- ENTRIES SHOWN -
┏━━
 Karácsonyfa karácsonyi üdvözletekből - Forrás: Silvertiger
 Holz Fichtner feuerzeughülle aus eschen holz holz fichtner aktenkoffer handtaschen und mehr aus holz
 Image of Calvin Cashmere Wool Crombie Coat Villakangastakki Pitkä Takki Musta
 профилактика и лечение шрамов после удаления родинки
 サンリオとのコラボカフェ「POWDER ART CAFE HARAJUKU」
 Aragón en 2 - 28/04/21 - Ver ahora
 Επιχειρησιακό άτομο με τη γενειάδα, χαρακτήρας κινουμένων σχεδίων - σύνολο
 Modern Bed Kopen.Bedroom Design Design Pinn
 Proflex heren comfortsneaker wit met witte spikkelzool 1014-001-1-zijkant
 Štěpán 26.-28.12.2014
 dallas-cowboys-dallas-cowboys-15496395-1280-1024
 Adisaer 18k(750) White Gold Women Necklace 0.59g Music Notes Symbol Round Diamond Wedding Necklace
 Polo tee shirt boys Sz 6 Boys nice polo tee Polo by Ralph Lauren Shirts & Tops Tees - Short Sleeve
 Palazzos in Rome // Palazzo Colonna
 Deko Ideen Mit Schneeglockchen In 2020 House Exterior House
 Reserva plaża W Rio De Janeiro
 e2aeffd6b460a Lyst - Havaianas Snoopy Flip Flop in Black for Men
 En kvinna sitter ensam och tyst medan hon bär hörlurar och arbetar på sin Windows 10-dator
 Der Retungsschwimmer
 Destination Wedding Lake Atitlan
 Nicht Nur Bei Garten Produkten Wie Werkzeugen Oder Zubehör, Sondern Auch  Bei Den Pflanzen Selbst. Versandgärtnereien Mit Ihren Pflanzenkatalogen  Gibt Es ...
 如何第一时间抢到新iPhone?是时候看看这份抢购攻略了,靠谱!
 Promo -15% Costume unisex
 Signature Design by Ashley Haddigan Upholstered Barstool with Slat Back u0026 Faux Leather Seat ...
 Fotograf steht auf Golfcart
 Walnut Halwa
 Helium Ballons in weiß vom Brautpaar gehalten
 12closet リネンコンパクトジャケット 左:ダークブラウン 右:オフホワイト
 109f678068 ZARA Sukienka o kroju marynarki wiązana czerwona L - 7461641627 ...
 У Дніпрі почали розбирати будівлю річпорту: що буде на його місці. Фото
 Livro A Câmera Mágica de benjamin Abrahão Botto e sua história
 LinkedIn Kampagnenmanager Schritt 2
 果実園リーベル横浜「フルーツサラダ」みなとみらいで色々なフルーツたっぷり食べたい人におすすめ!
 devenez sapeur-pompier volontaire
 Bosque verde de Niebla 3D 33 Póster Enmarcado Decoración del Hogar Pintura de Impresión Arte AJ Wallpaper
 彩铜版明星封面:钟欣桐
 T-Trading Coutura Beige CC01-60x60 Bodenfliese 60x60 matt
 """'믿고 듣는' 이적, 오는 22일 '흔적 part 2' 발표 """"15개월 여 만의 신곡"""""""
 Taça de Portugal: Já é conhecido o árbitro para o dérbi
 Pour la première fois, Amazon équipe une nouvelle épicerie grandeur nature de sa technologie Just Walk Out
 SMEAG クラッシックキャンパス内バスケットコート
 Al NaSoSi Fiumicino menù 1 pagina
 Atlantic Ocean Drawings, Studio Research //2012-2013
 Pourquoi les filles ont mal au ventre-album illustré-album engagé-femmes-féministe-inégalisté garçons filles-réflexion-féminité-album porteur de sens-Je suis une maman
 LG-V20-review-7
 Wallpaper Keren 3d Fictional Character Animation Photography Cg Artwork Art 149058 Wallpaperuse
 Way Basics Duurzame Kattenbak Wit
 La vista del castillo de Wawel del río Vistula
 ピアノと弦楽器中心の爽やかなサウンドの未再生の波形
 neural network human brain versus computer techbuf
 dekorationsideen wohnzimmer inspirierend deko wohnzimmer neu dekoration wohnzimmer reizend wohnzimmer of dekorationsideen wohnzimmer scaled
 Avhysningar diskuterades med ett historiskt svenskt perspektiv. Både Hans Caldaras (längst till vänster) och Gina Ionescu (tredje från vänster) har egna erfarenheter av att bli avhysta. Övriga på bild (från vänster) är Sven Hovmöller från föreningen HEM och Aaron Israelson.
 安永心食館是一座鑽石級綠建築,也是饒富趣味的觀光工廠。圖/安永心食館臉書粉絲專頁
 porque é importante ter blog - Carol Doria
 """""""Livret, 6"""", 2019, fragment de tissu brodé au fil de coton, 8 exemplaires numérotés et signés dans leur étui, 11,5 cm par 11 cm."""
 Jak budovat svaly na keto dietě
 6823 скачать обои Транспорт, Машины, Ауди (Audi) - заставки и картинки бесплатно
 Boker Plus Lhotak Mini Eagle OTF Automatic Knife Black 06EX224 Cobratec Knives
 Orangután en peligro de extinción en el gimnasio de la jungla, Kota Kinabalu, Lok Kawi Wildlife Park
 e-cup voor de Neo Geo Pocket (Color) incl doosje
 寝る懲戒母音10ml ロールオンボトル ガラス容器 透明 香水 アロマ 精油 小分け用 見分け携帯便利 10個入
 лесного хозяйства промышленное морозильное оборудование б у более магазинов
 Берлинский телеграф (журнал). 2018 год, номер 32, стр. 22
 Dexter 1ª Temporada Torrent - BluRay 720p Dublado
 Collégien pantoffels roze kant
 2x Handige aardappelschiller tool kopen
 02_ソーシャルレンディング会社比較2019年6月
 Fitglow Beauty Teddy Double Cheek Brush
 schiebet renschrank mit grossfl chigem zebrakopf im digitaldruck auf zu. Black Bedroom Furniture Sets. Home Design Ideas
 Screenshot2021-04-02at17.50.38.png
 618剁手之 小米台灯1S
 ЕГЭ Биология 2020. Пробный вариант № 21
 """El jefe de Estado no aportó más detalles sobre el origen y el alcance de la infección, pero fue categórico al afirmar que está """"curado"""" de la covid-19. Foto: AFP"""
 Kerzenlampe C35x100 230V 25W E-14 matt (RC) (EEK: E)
┗━━
- ACTION ITEM -
Copy verbatim, from the listing above, each line from the one containing "Štěpán 26.-28.12.2014" down to the one containing "Livro A Câmera", inclusive.

- OUTPUT OF THE TASK -
 Štěpán 26.-28.12.2014
 dallas-cowboys-dallas-cowboys-15496395-1280-1024
 Adisaer 18k(750) White Gold Women Necklace 0.59g Music Notes Symbol Round Diamond Wedding Necklace
 Polo tee shirt boys Sz 6 Boys nice polo tee Polo by Ralph Lauren Shirts & Tops Tees - Short Sleeve
 Palazzos in Rome // Palazzo Colonna
 Deko Ideen Mit Schneeglockchen In 2020 House Exterior House
 Reserva plaża W Rio De Janeiro
 e2aeffd6b460a Lyst - Havaianas Snoopy Flip Flop in Black for Men
 En kvinna sitter ensam och tyst medan hon bär hörlurar och arbetar på sin Windows 10-dator
 Der Retungsschwimmer
 Destination Wedding Lake Atitlan
 Nicht Nur Bei Garten Produkten Wie Werkzeugen Oder Zubehör, Sondern Auch  Bei Den Pflanzen Selbst. Versandgärtnereien Mit Ihren Pflanzenkatalogen  Gibt Es ...
 如何第一时间抢到新iPhone?是时候看看这份抢购攻略了,靠谱!
 Promo -15% Costume unisex
 Signature Design by Ashley Haddigan Upholstered Barstool with Slat Back u0026 Faux Leather Seat ...
 Fotograf steht auf Golfcart
 Walnut Halwa
 Helium Ballons in weiß vom Brautpaar gehalten
 12closet リネンコンパクトジャケット 左:ダークブラウン 右:オフホワイト
 109f678068 ZARA Sukienka o kroju marynarki wiązana czerwona L - 7461641627 ...
 У Дніпрі почали розбирати будівлю річпорту: що буде на його місці. Фото
 Livro A Câmera Mágica de benjamin Abrahão Botto e sua história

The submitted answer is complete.